Running accelerators securely is a balancing act. GPUs and FPGAs crave bare-metal access, but multi-tenant platforms demand isolation. Enterprises like Bloomberg, iRobot, and Fly.io have shared how Firecracker microVMs thread the needle, but the playbook for combining accelerators with microVMs is still emerging.
This article captures the architecture we deploy for clients who need accelerator density, strong isolation, and developer-friendly workflows.
Hardware-aware scheduling
We start with host profiles:
- GPU hosts with SR-IOV support, MIG partitioning (for NVIDIA A100s), and NICs configured for low latency.
- FPGA hosts with toolchains baked into immutable AMIs.
Cluster schedulers (Kubernetes with KubeVirt/Kata, Nomad, or custom controllers) expose microVM runtime classes.
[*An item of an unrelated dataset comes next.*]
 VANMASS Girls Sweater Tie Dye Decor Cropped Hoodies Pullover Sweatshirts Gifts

Nodes advertise accelerator capabilities through node labels (e.g., microvm.accelerator=nvidia-a100).
MicroVM runtimes
We blend:
- Kata Containers with Firecracker VMM, enabling OCI compatibility.
- gVisor for workloads that do not require dedicated accelerators but still need isolation.
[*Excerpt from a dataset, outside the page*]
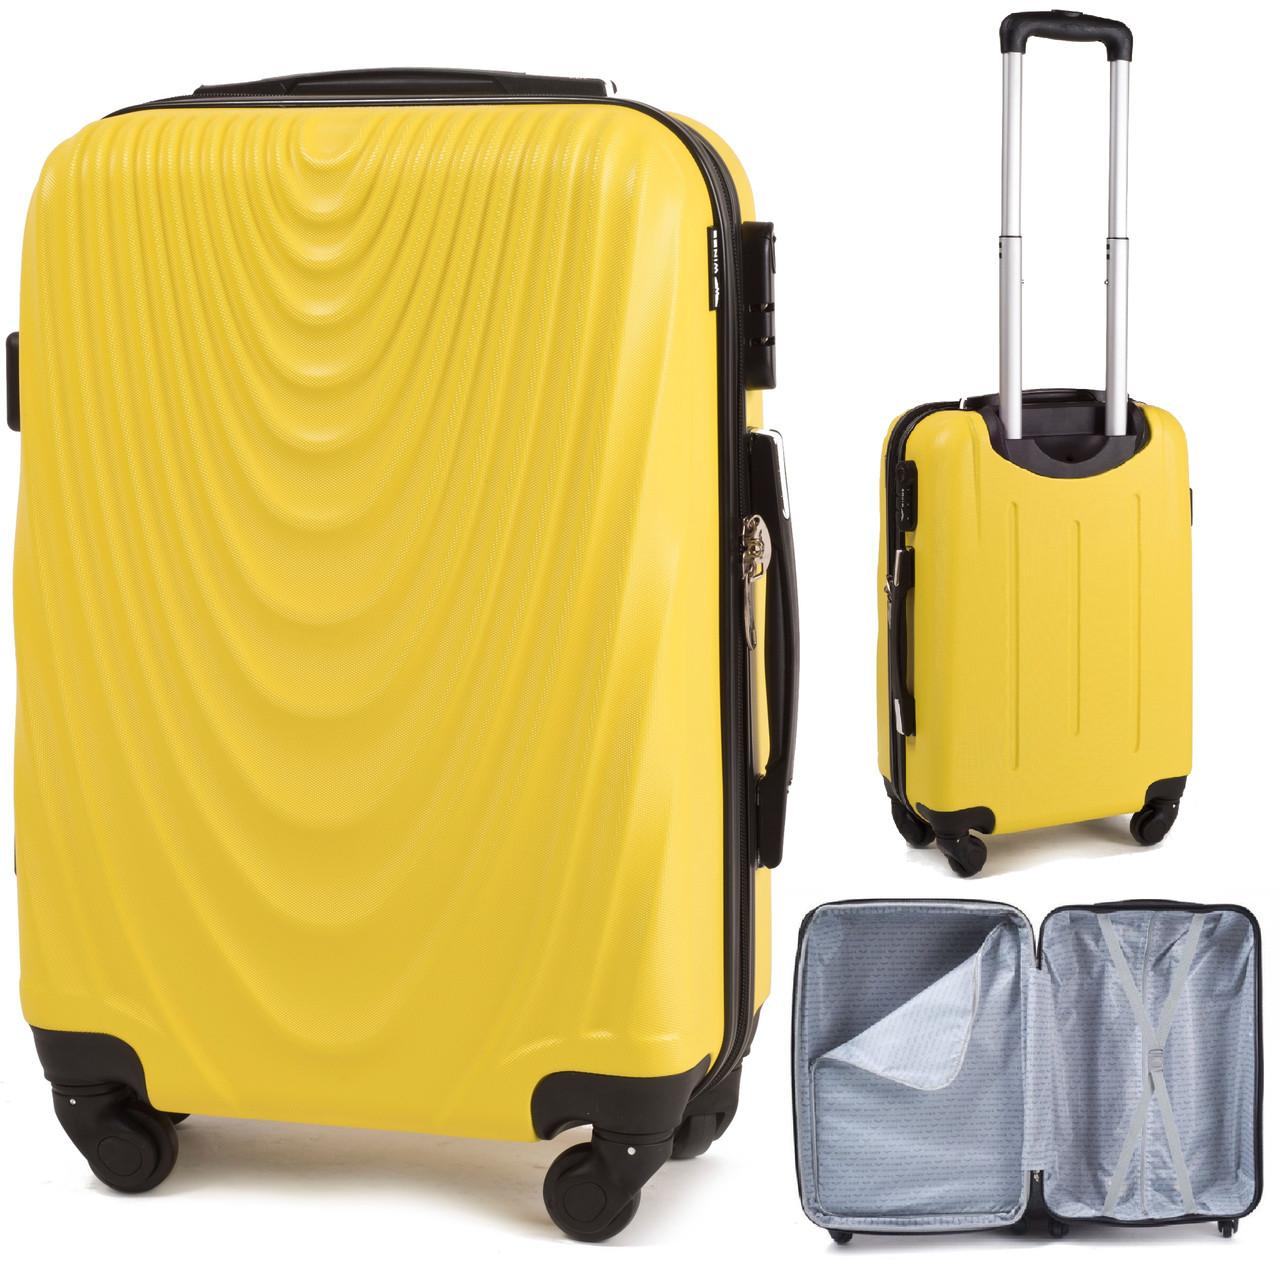 Чемодан Wings 305 пластиковый Мини (XS) Желтый

- Weave Ignite for GitOps-managed microVM provisioning outside Kubernetes.
Each microVM boots from distroless images that include only required drivers and tooling. Rootfs images are sealed and signed with Cosign.
Secure device passthrough
Isolation hinges on device control:
- VFIO/IOMMU ensures microVMs access only their assigned GPU or FPGA.
- NVIDIA MIG profiles offer fractional GPUs while maintaining memory isolation.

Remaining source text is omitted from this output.